|The performance of Proton Exchange Membrane Fuel Cell (PEMFC) is degraded significantly as a result of poisoning of the cathode catalyst by trace levels of contaminants present in the cathode air. Three of the most common air contaminants present in the operating environments of PEMFC, and which have major negative effects on the performance of PEMFC, are SO2 and NOx (both NO and NO2). Most of these contaminants get chemisorbed on the surface of the precious platinum catalyst layer in PEM fuel cell and this leads to decrease in the active sites available for oxygen reduction reaction on the surface of the platinum. One option to mitigate this problem is to develop contaminant tolerant electrocatalysts for PEMFC. However, developing new catalysts seems to be difficult, time consuming and possibly expensive because of the presence of a variety of contaminants in the air. Another route to solve this problem is the removal of gaseous impurities from the cathode air by adsorptive filtration. This second option appears to be more effective and cheaper. The main parameters for an adsorptive air filter are saturation capacity of the sorbents, single pass removal efficiency and pressure drop across the filter.
The research work in this dissertation thus deals with the design and construction of different configurations of adsorptive air filters that will have high adsorption capacity and high contacting efficiency for the effective removal of SO2 and NOx at ambient conditions. This work also involves the comparative study of the pressure drop performances of three possible
configurations for the cathode air filter to select the optimal configuration of the cathode air filter for a given application.
Several sorbents impregnated with oxides of different transition metals (Zn, Cu, Mn, Ni, Fe) and caustic chemicals (like KOH) were tested for their SO2 adsorption capacity to find out a high capacity sorbent for SO2 removal. MnOx(SO4 route)/Al2O3 prepared by a deposition precipitation route with MnSO4 as a precursor was found to have the highest breakthrough capacity as well as the highest saturation capacity for SO2 removal over wide range of relative humidity (RH) and SO2 concentrations. Effects of RH, SO2 concentration in the challenge gas and particle size of the sorbent on the SO¬2 adsorption performance of MnOx(SO4 route)/Al2O3 were discussed in detail. Adsorption capacity of MnOx(SO4 route)/Al2O3 was found to increase significantly at higher relative humidity. A working hypothesis was proposed to explain the positive effect of the moisture content on the breakthrough performance of MnOx(SO4 route)/Al2O3. (Chapter II)
Several sorbents supported on activated carbon as well as γ- Al2O3 were tested for their NO2 adsorption performance. PICA activated carbon derived from a coconut shell showed the highest saturation capacity for NO2 removal amongst all the sorbents tested. However generation of considerable amount of NO was also observed during NO2 adsorption on PICA activated carbon. It was found that the surface of activated carbon partially acts as a reducing agent and converts part of NO2 from challenge gas to NO. Addition of strong oxidizing agent like KMnO4/Al2O3 to PICA activated carbon in the sorbent bed was found to delay the appearance of NO in the exit stream of challenge gas because of oxidation of NO to NO2 by KMnO¬4/Al2O3. Therefore, it was concluded that the mixture of three different sorbents is required for the simultaneous removal of SO2 and NOx from the cathode air. (Chapter III)
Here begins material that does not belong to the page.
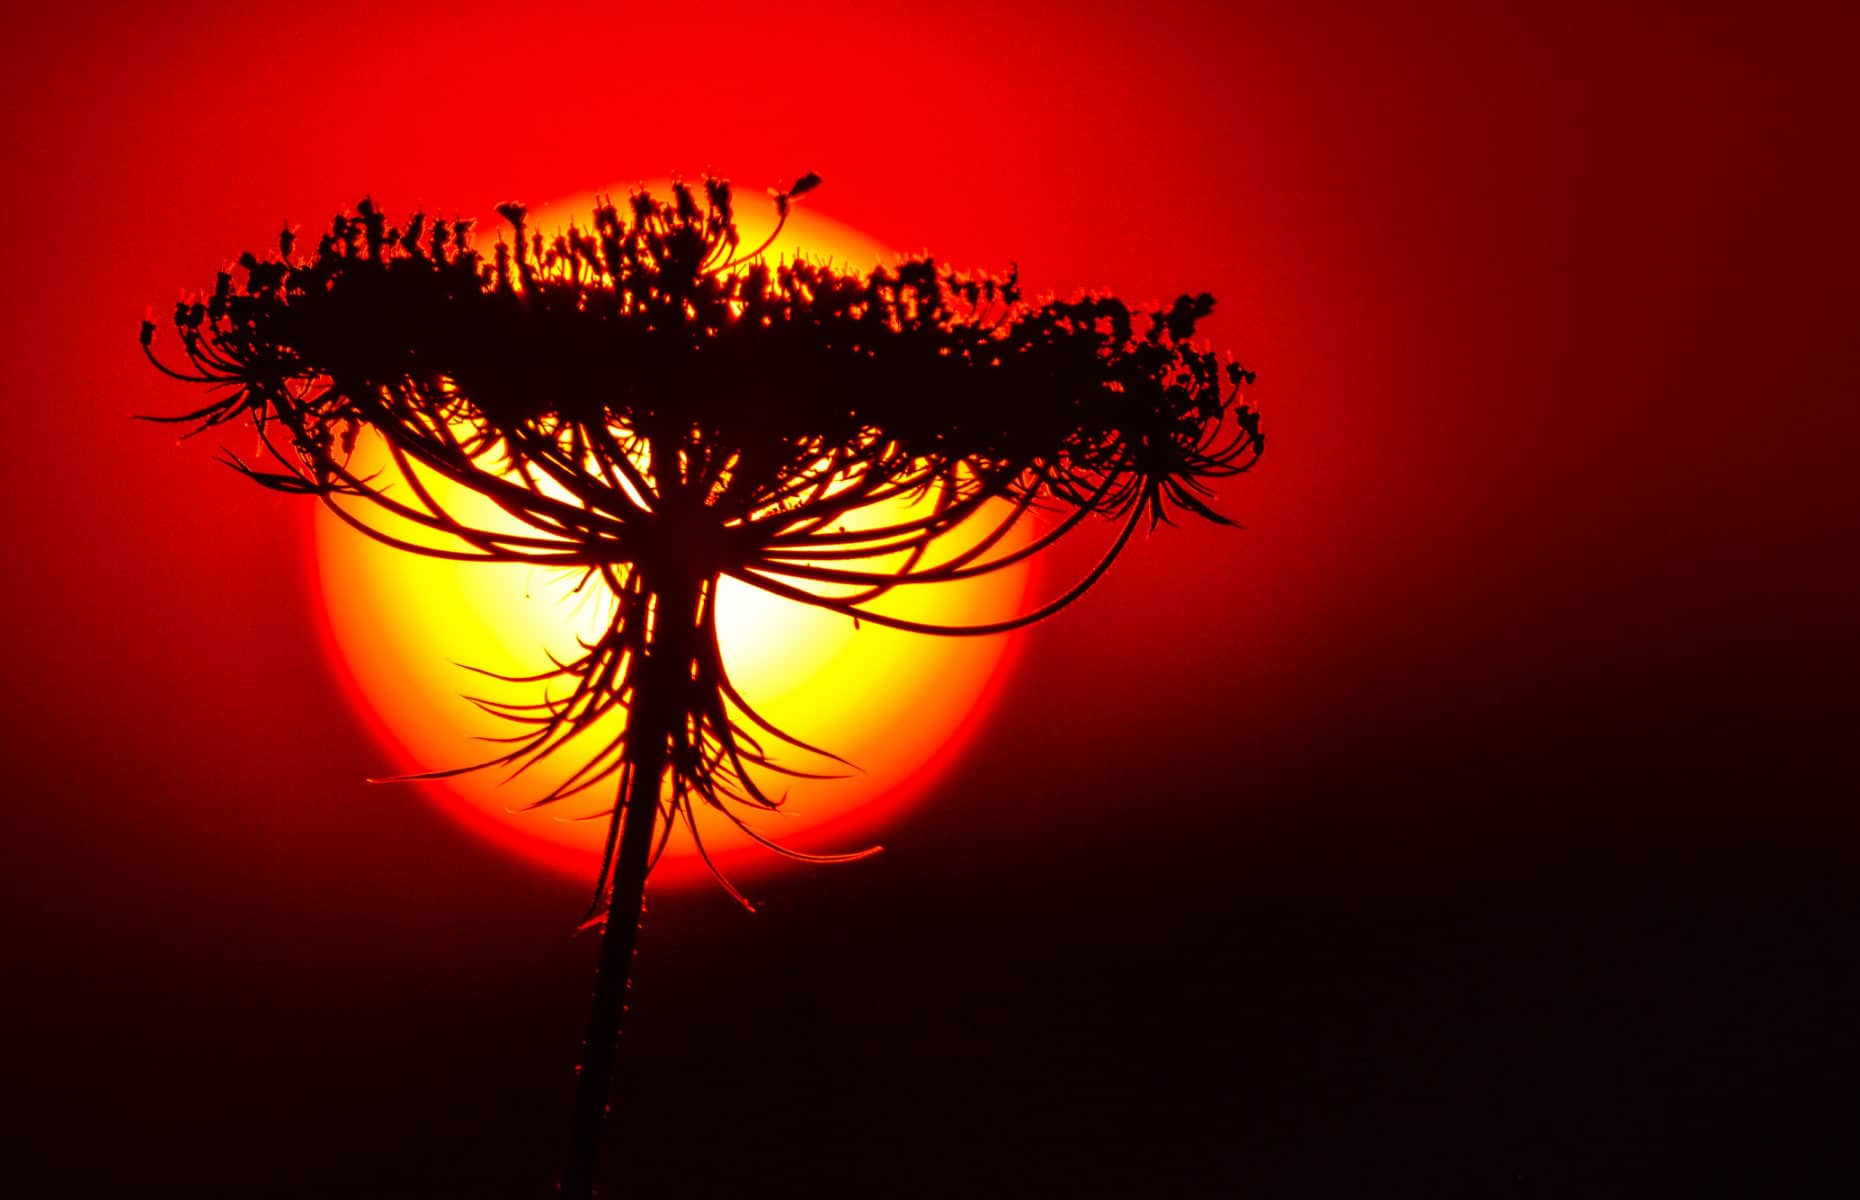 silhouette of flower with sunset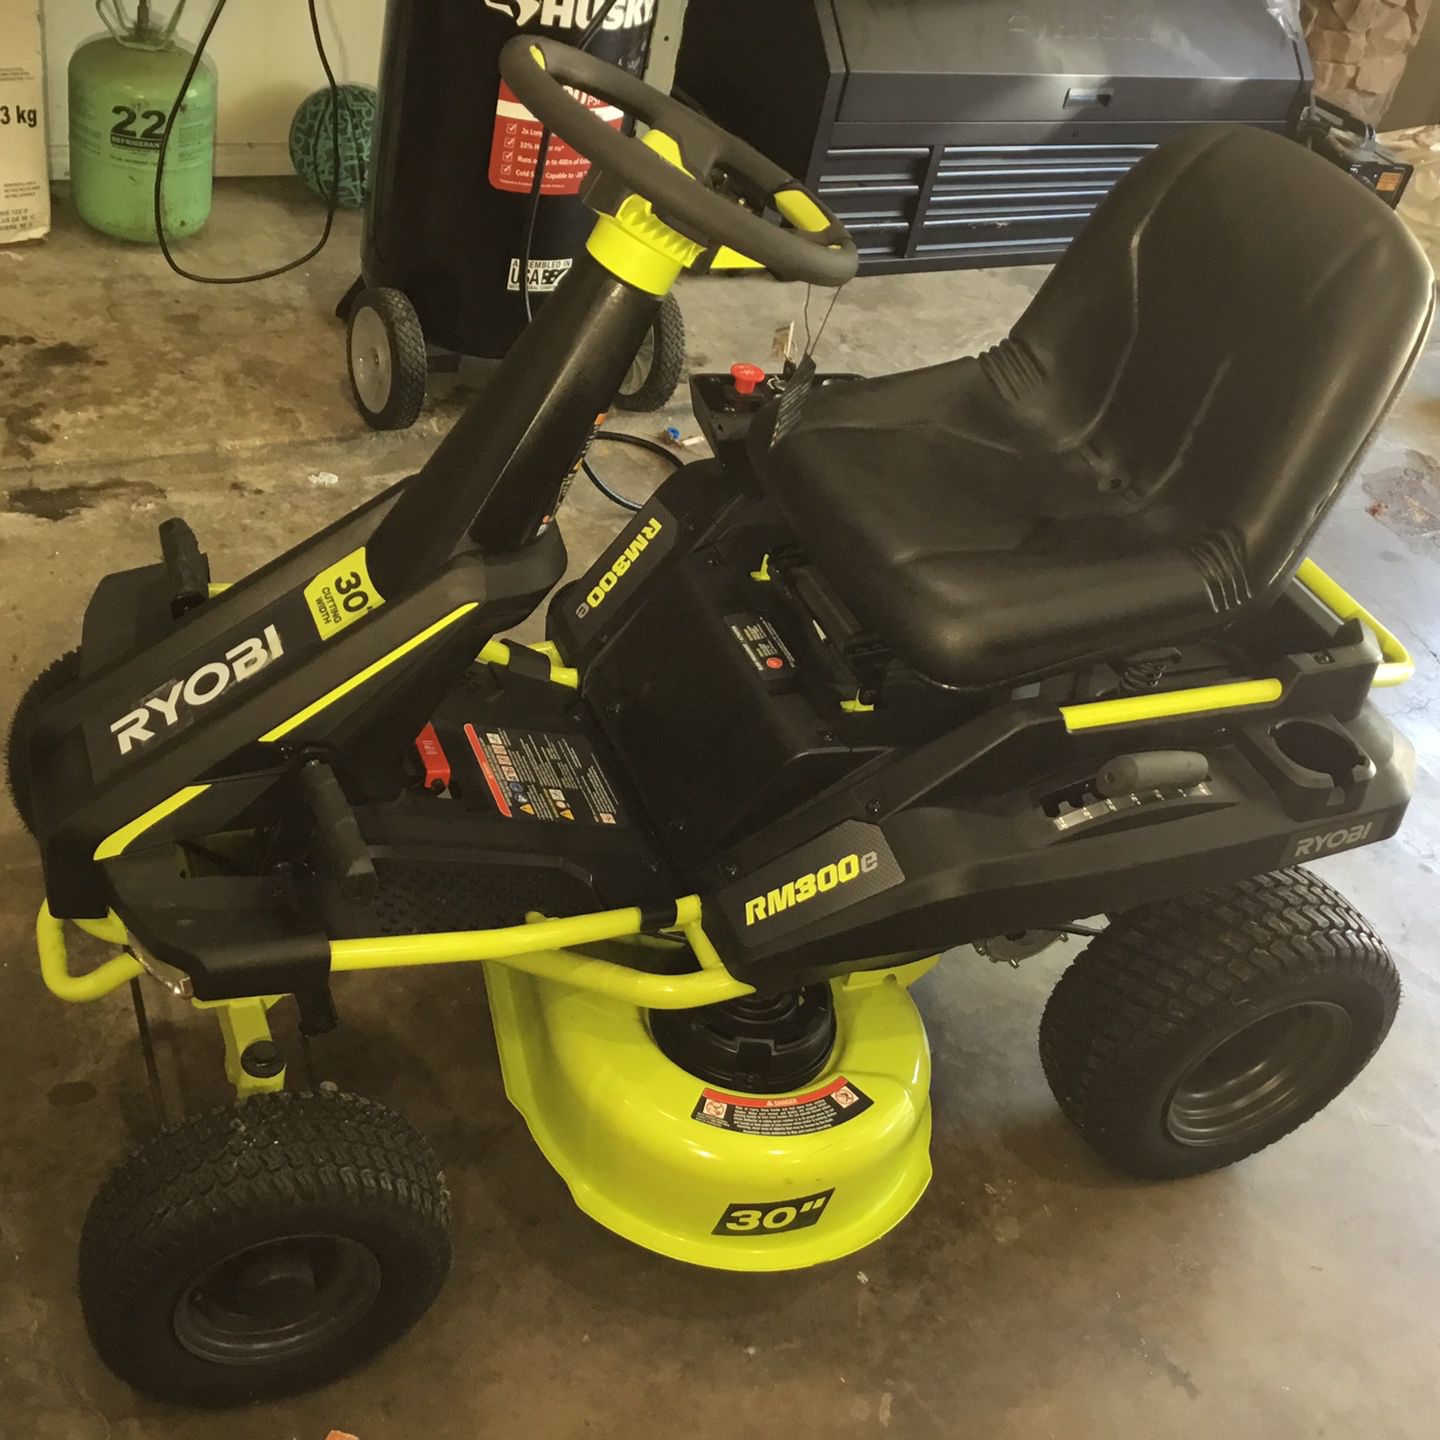 New Condition!  Ryobi 48V  Brushless 30” Battery Electric Rear Engine riding Mower!!  Model RM300e NEW With Charger, Retails $2999…. Only $1650 👍🏽

Microfibrous media (MFM) prepared by entrapping micron size particles in the sinter-locked network of bicomponent polymer fibers have higher contacting efficiency for removal of contaminants because of their high void fractions (> 70%) and use of smaller size particles. This microfibrous media can be pleated to accommodate many times more filter media in the same volume of filter unit. Thus microfibrous media makes it possible to construct two different configurations for the cathode air filters, namely composite bed and pleated filters. These different configurations for cathode air filters were tested for their SO2 ¬breakthrough capacity as well as pressure drop across them. It was found that the composite bed design increased the breakthrough capacity for SO2 by almost 3.4 times as compared to packed bed, with little increase in the volume and pressure drop of the filter system. (Chapter IV)
Pressure drops across each of the three configurations (packed bed, composite bed and pleated filter) of cathode air filter were either found experimentally or were predicted by using model equations. Parasitic power losses were then calculated for all the three configurations of cathode air filter and all of these power losses were found to be negligible (< 0.2 W). So it was determined that the pressure drop across cathode air filter is not an important criterion for the final selection of the optimal configuration of the cathode air filter. (Chapter V)